# Listed records:
==================================================

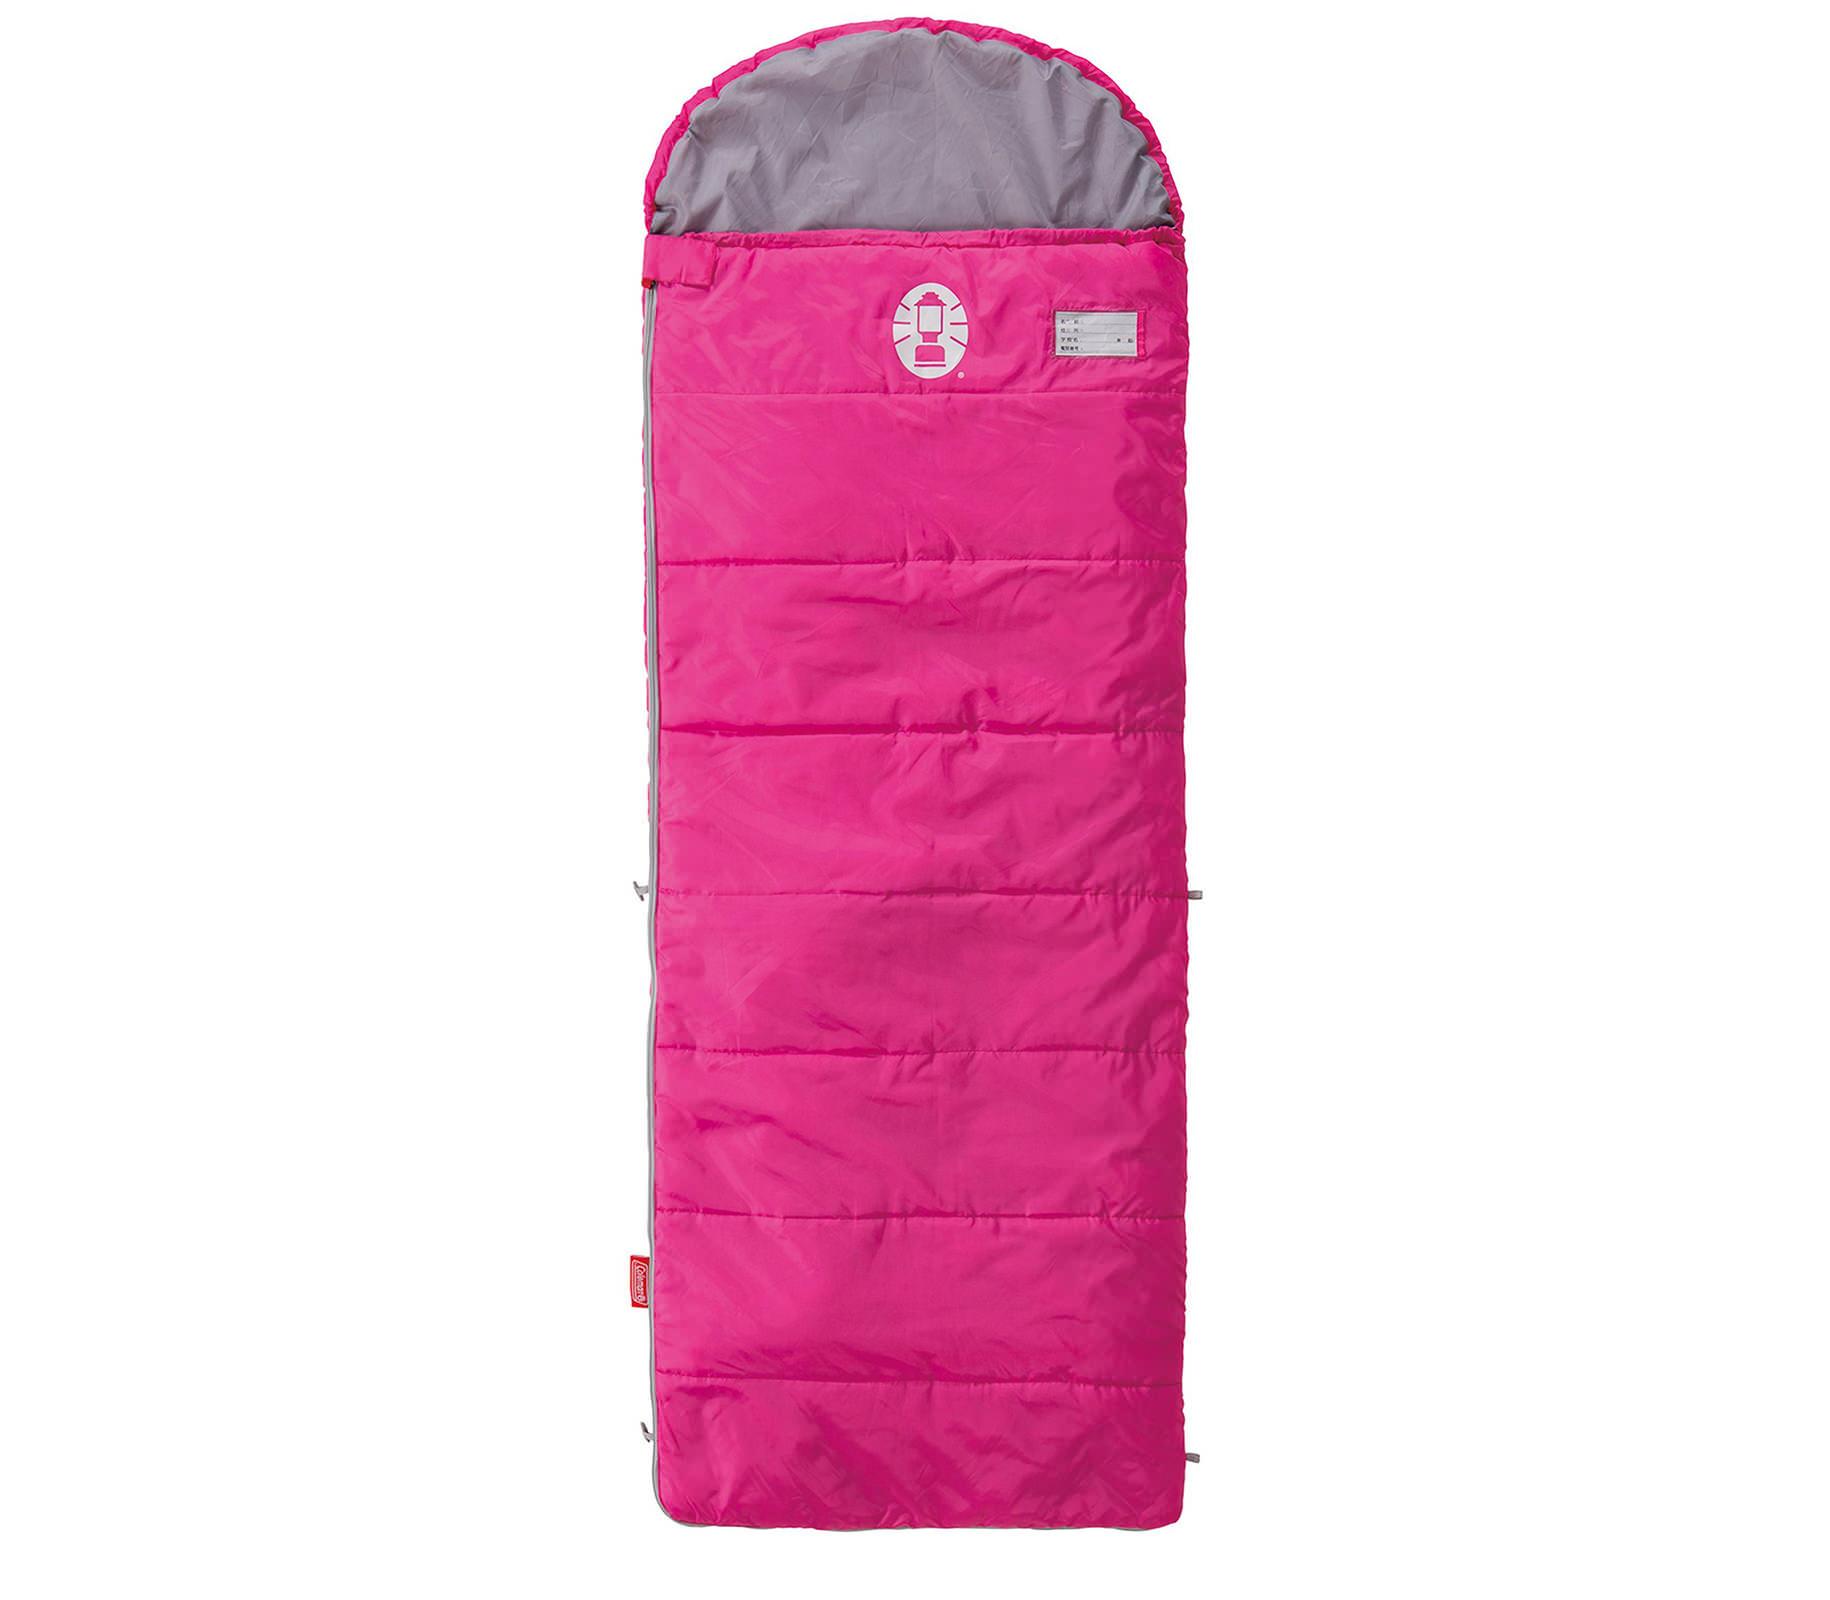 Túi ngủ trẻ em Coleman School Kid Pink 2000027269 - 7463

==================================================

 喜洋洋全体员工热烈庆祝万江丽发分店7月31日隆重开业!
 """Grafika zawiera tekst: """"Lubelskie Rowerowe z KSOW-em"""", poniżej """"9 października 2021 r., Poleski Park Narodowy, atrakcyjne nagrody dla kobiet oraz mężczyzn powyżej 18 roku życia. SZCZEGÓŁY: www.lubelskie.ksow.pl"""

==================================================

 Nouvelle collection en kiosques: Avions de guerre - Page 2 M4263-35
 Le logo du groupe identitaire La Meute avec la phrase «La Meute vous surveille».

==================================================

# Action item:
In the listing above, locate the line containing "喜洋洋全体员工热烈庆祝万江丽发分店7月31日隆重开业!" and the line containing "2021 r., Poleski", then transcribe both and every line between them verbatim.

# Exercise solution:
 喜洋洋全体员工热烈庆祝万江丽发分店7月31日隆重开业!
 """Grafika zawiera tekst: """"Lubelskie Rowerowe z KSOW-em"""", poniżej """"9 października 2021 r., Poleski Park Narodowy, atrakcyjne nagrody dla kobiet oraz mężczyzn powyżej 18 roku życia. SZCZEGÓŁY: www.lubelskie.ksow.pl"""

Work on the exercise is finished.